No subgroup of $D_3$ has order 4.

Question

Question: Prove that the dihedral group of order $6$ has no subgroup of order $4$.

I am trying to prove above question. But i have no idea how can i start! Just before this question (in exercise) i prove a question, which is following:

A group with two elements of order $2$ that commute must have a subgroup of order $4$.

Now i am thinking that the above proposition will be used to prove that main question.

My attempt: Assume to the contrary that $D_3$ has a subgroup $H$ of order $4$. In view of previous question (above proposition) $D_3$ must satisfy the assumptions of proposition. Let $r$ and $f$ be rotation and reflection respectively in $D_3$. Since only reflections, $f,rf,r^2f$, have order $2$ in $D_3$ so any two of them must commute. But reflections don't commute with each other. Thus this contradicts that $D_3$ has a subgroup of order $4$.

My confusion: I am thinking my proof is incorrect because the proposition says "If there exists $a,b ∈G$ s.t $|a|=|b|=2$ and $ab=ba$, then there exists $H$ a subgroup of $G$ s.t $|H|=4$". But i am using the converse of the statement without knowing it is either true or false.
And another question if the proof is correct, then is it written rigorously? (I have always in my proof writing skills).
Note : I am trying to prove the question without Lagrange's theorem.
Thank you.

Answer 1

Lagrange's theorem would make the answer easy ($4$ does not divide $6$),

but consider that $D_3$ has elements of order $1, 2,$ and $3$.

The subgroup that contains only an element of order $2$ (besides the identity element) has order $2$.

The subgroup that contains only the elements of order $3$ (besides the identity element) has order $3$.

The subgroup that contains neither is trivial.

The subgroup that contains both is the entire group (order $6$).
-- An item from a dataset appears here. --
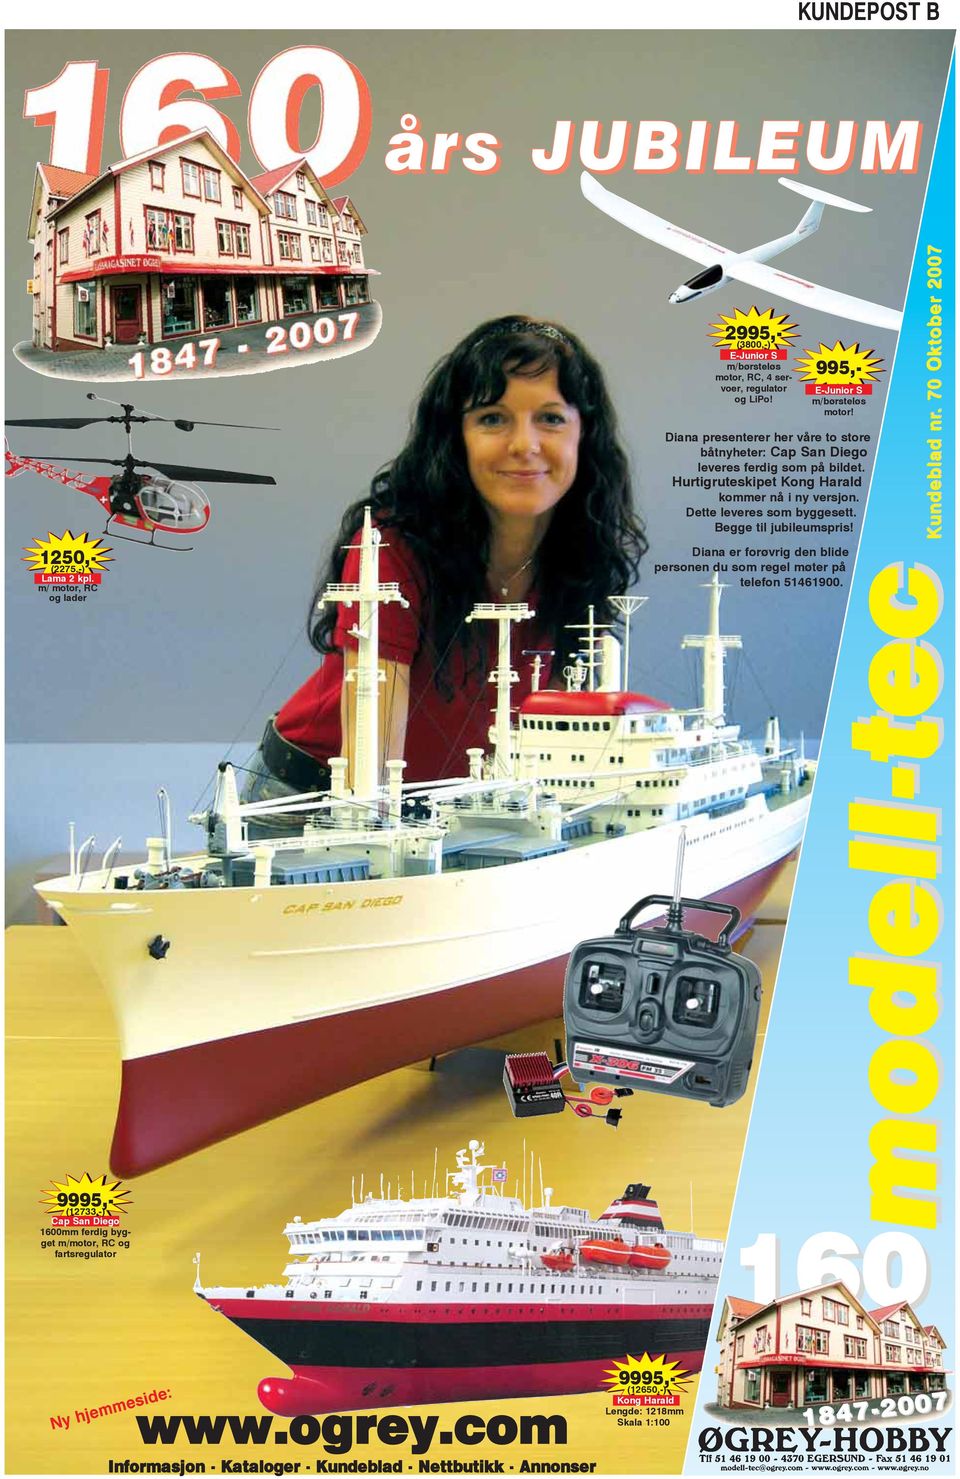 995,- E-Junior S m/børsteløs motor! Diana presenterer her våre to store båtnyheter: Cap San Diego leveres ferdig som på bildet. Hurtigruteskipet Kong Harald kommer nå i ny versjon.

Thus, there is no subgroup of order $4$.

Answer 2

Regarding the proof you have provided: this is not valid, unfortunately. Reason? You assume for the sake of contrapositive that there exists a subgroup order four in D3; this is fine. What's not fine is the assumption that in order for a group order four to exist in D3, the subgroup of interest must necessarily be generated by two elements order two which commute with each other. To reach this assumption would involve utilizing the converse of the proposition you provided which, recall, the following statement from that logic course you probably took first year of undergraduate: if it's outside raining, then it must be cloudy. Could we reasonably conclude that whenever it's cloudy, it must be raining? (answer: no).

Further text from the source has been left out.